International aid groups rushed to respond Saturday to a deadly 7.8 magnitude earthquake in Nepal that claimed more than 1,000 lives, destroyed modern houses and ancient temples and triggered a landslide on Mount Everest. The International Federation of the Red Cross and Red Crescent Societies said it was extremely concerned about the fate of rural villages close to the epicenter of the quake, 50 miles from the capital Kathmandu. Other aid organizations responding to the emergency also struggled to assess the needs with communications cut off around the Himalayan nation. Nations around world have also reacted to the quake by offering condolences and pledging support.
We do not yet know the scope of the damage, but this could be one of the deadliest and most devastating earthquakes since the 1934 tremor which devastated Nepal and Bihar.
Jagan Chapagain, Asia/Pacific director of the International Federation of the Red Cross and Red Crescent Societies (IFRC)

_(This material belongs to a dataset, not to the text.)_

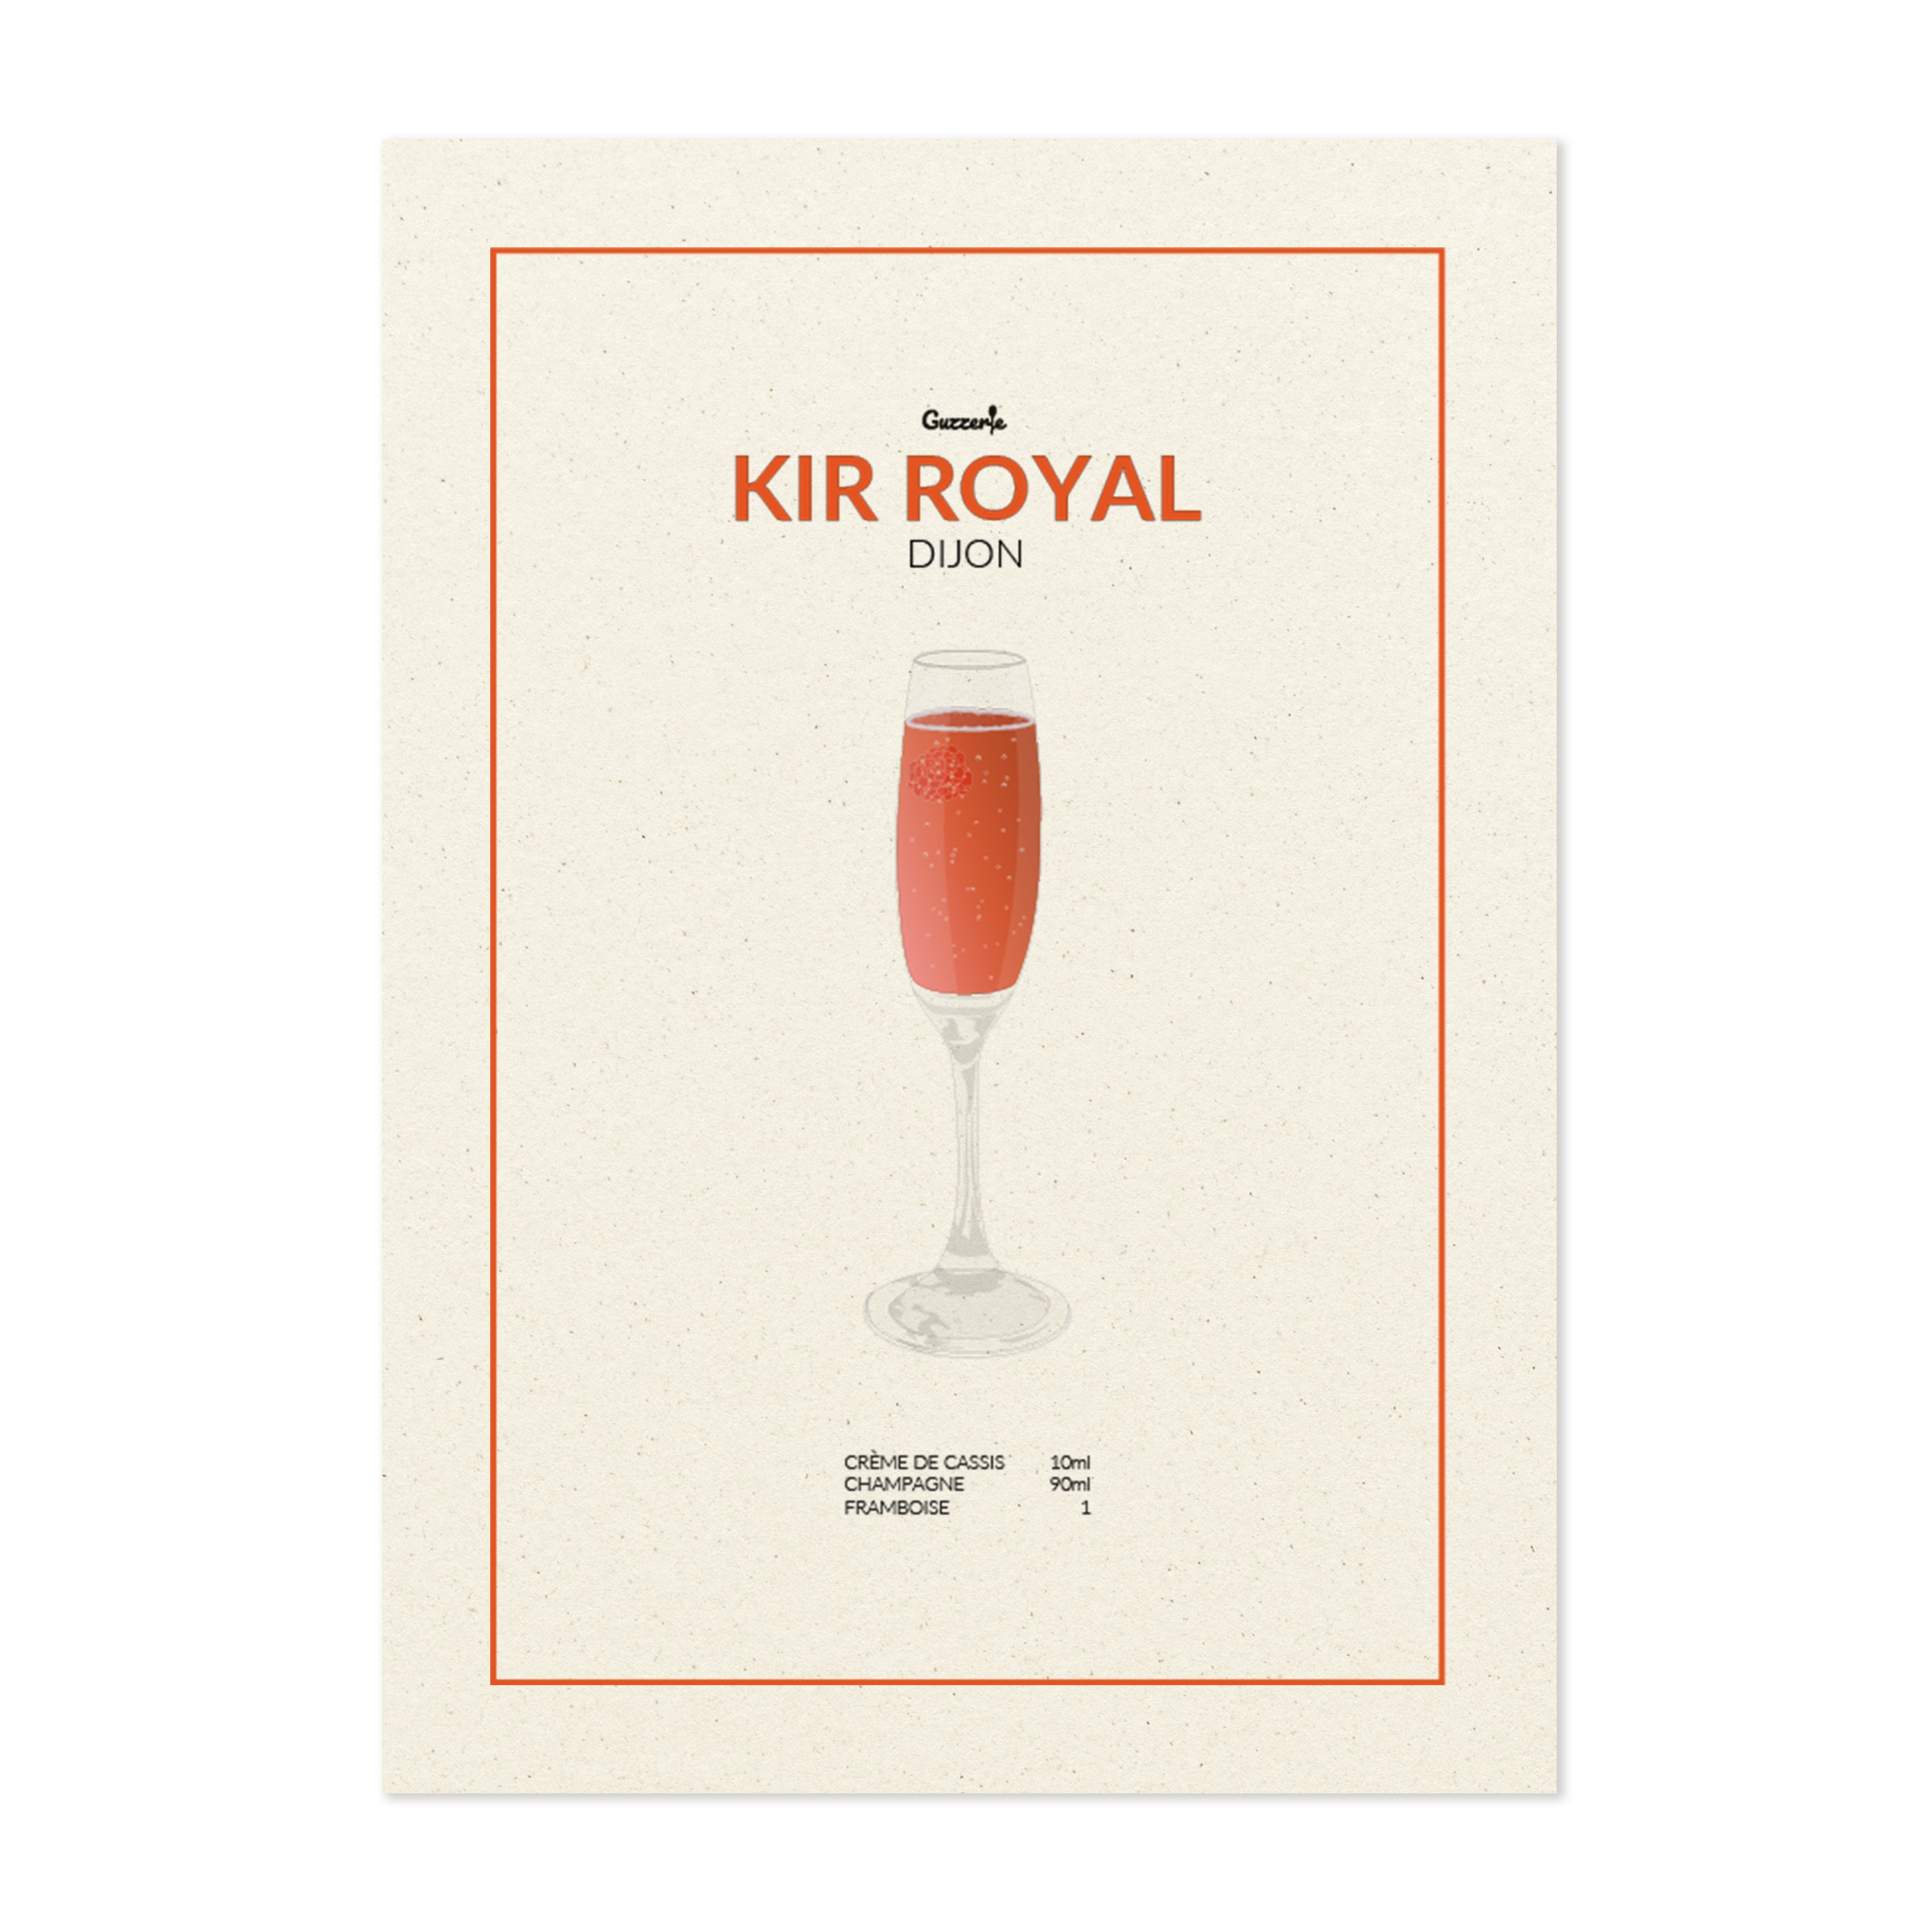 Kir Royal

Nepal’s long history of seismic events is related to the movement of tectonic plates beneath the Himalayan mountain range – “one of the world’s most worrisome hot zones for earthquake risk,” The New York Times reported. In 2011, as global concern for disaster risk reduction grew, the Nepali government partnered with a group of international organizations to create the Nepal Risk Reduction Consortium (NRCC). In 2013, the UN conducted a review of the NRRC that found that, although “much more work needs to be done” to close structure and capacity gaps within the program, the model was effective, overall. Saturday’s earthquake in Nepal is putting the government’s preparedness efforts to the test.